Input material:
BEGIN

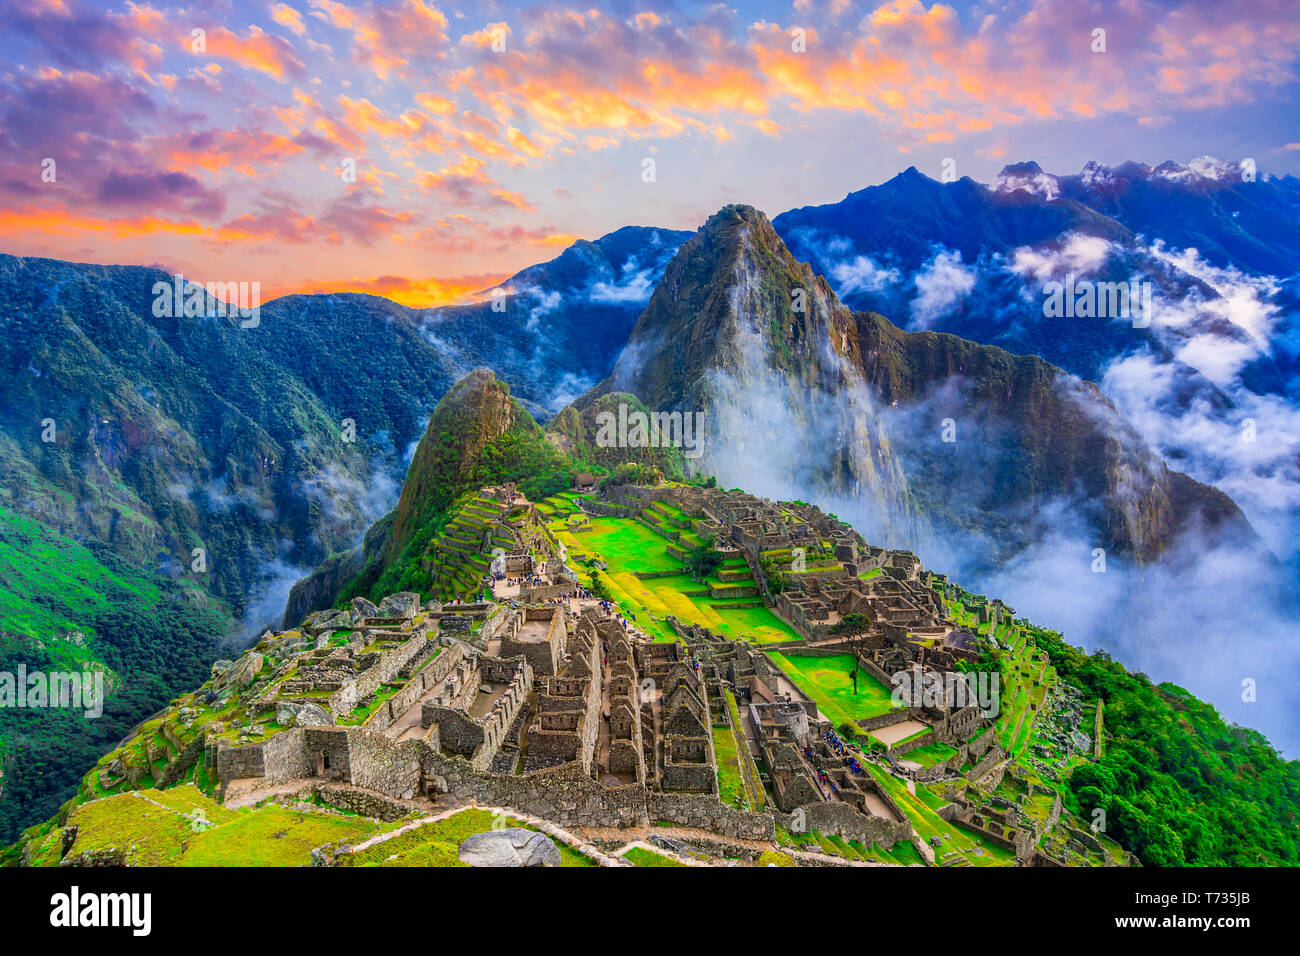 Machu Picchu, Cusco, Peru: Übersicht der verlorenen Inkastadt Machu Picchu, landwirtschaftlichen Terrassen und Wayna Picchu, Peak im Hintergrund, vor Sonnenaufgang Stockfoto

END
BEGIN

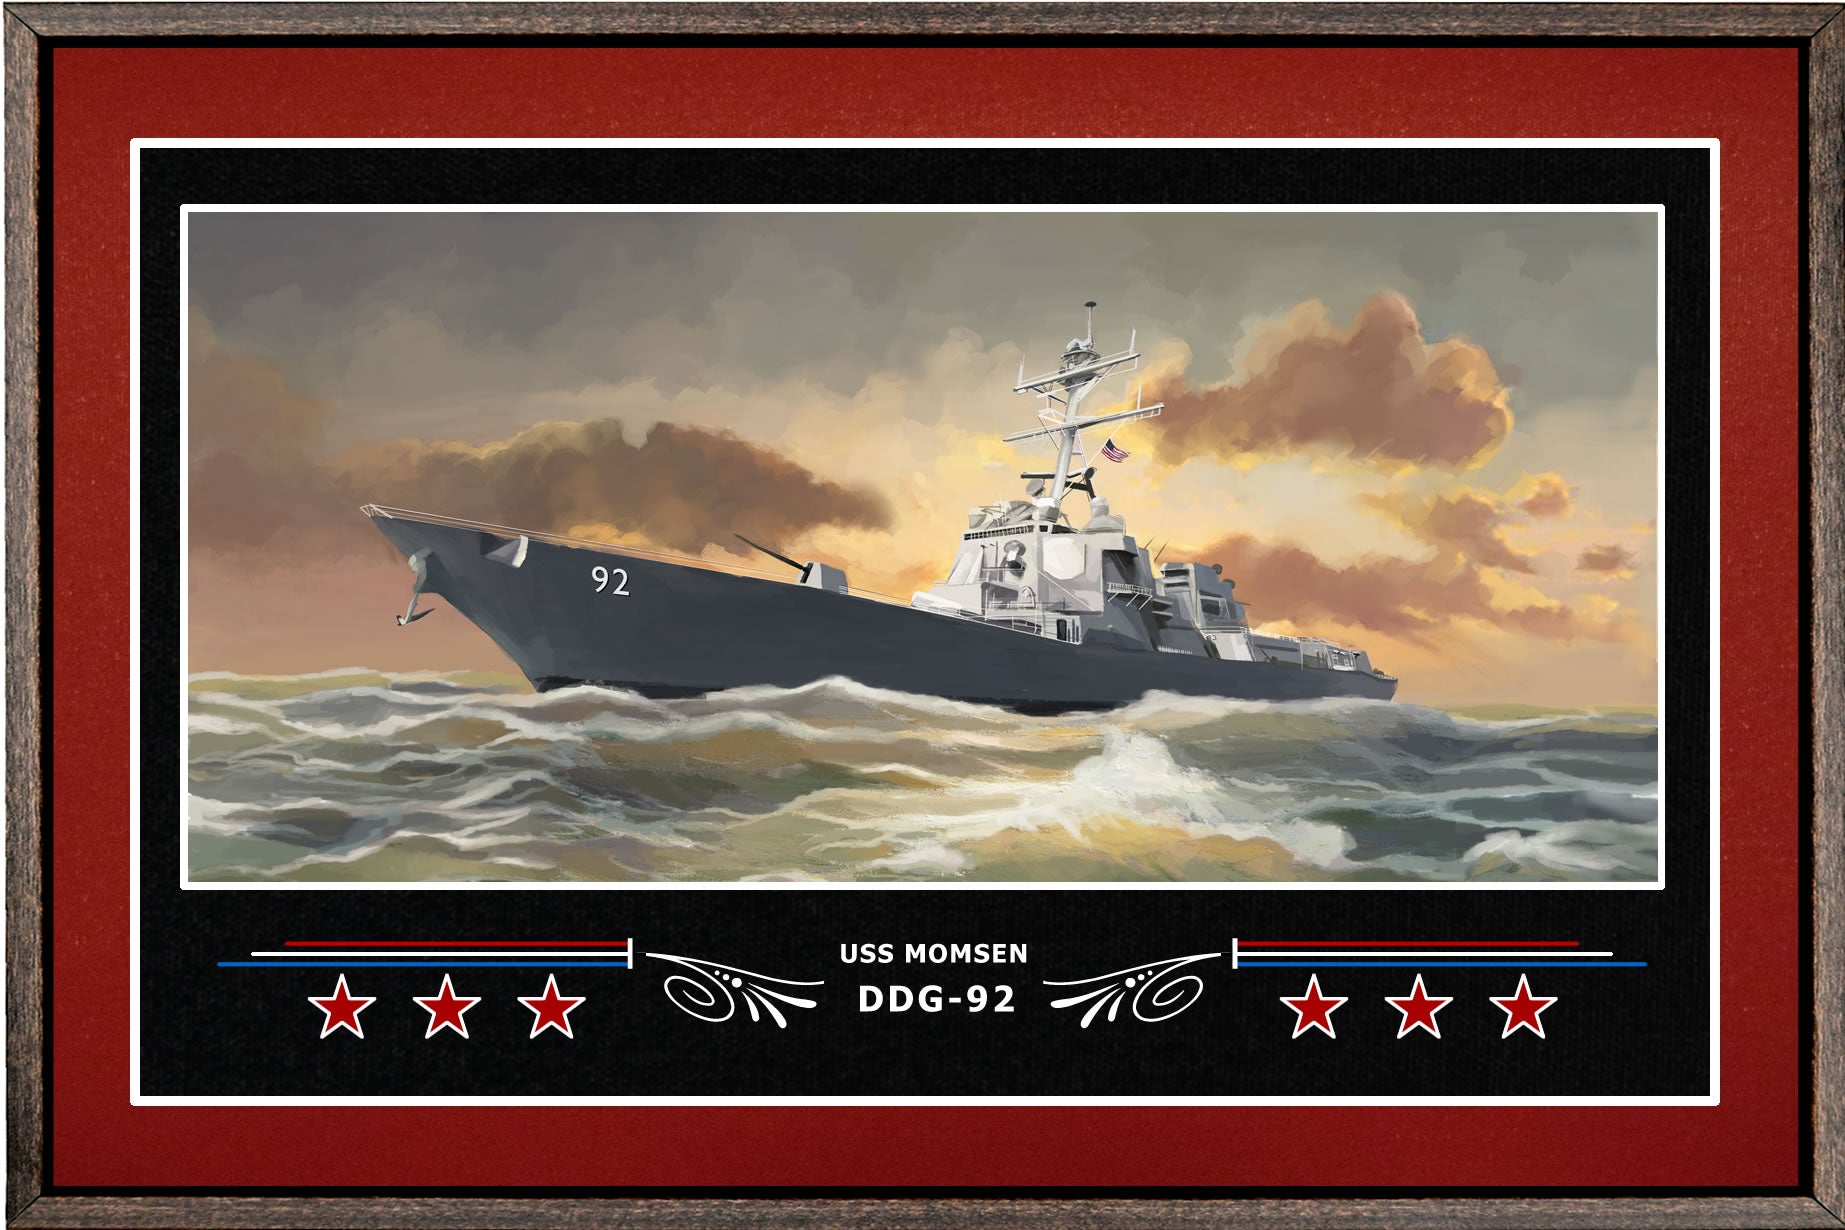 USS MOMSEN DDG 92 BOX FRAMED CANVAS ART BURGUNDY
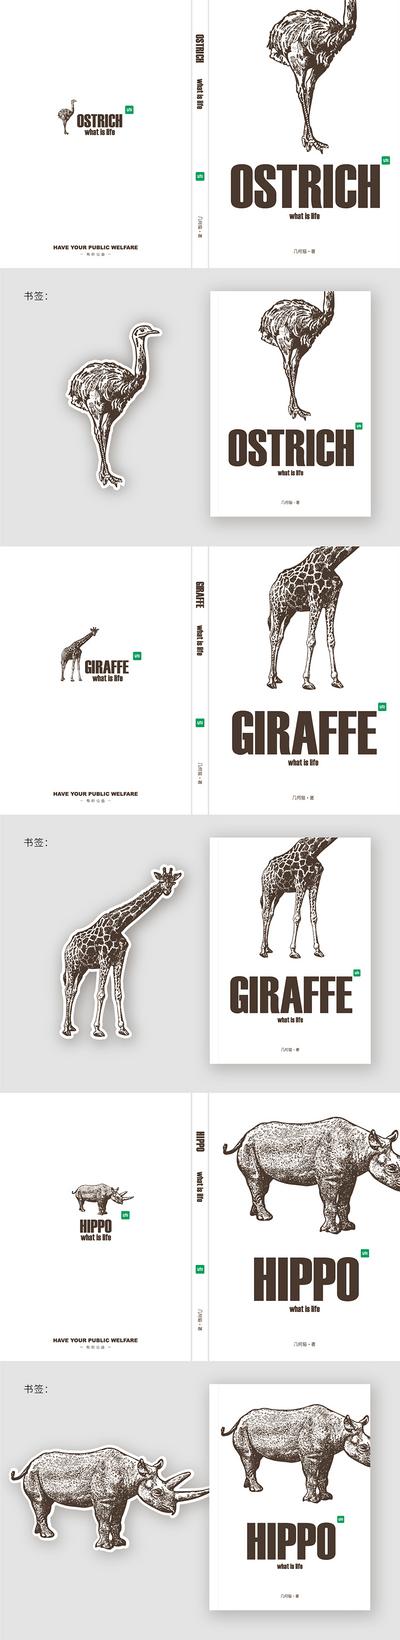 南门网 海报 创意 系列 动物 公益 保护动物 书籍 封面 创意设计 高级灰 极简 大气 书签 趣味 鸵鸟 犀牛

END
BEGIN

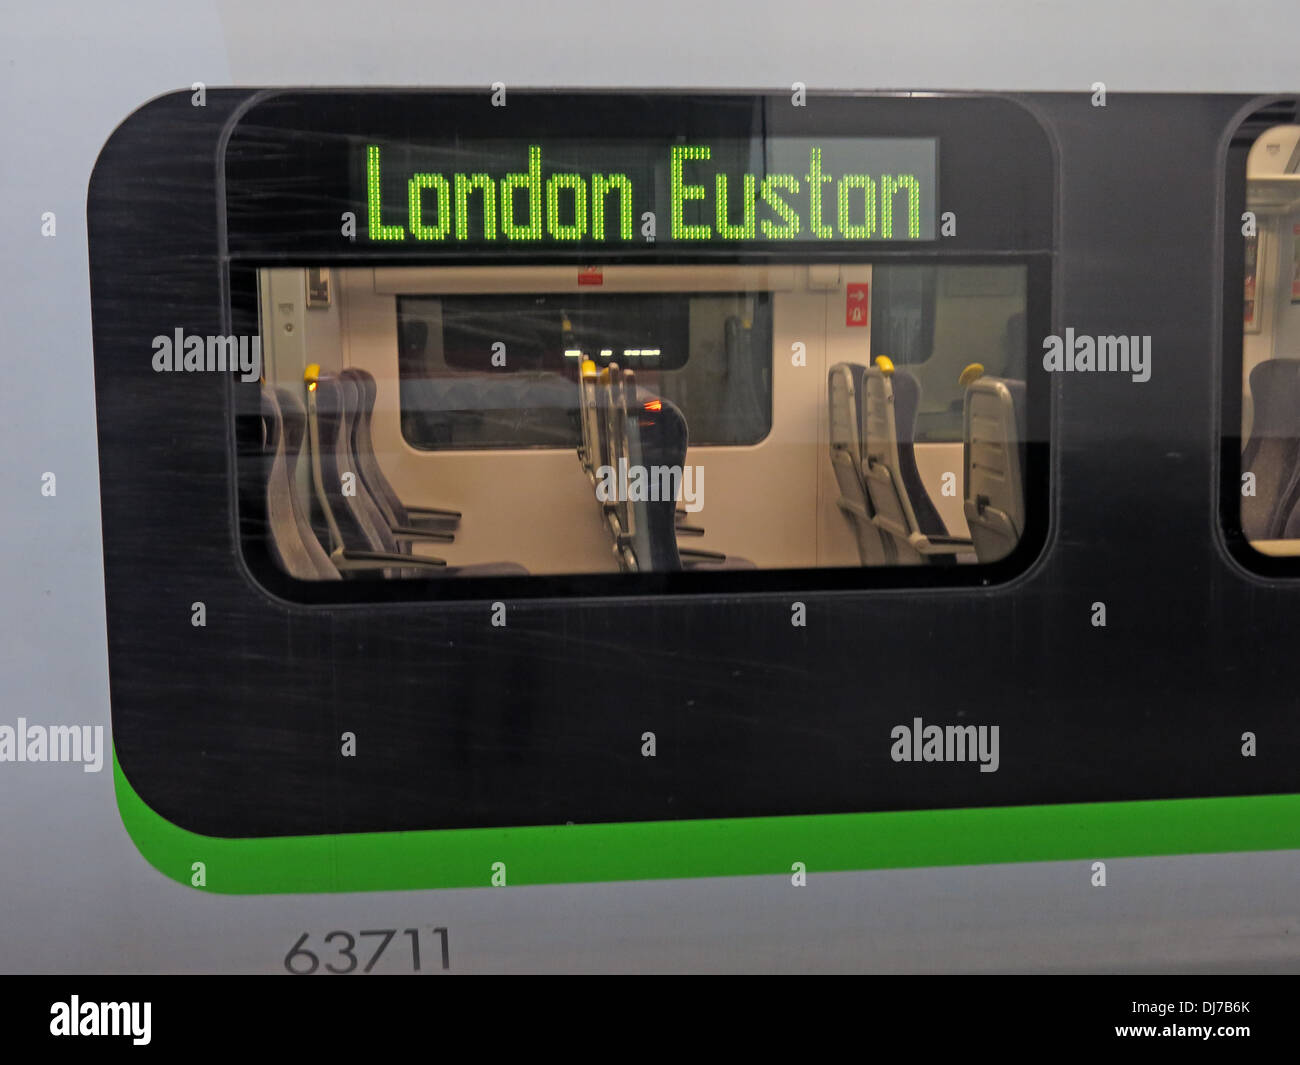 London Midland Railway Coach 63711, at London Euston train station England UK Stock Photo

END

Task brief: Respond with the exact lines above running from the one containing "USS MOMSEN DDG" to the one containing "南门网 海报 创意 系列", both ends kept and no pictures included.

Your response:
 USS MOMSEN DDG 92 BOX FRAMED CANVAS ART BURGUNDY
 南门网 海报 创意 系列 动物 公益 保护动物 书籍 封面 创意设计 高级灰 极简 大气 书签 趣味 鸵鸟 犀牛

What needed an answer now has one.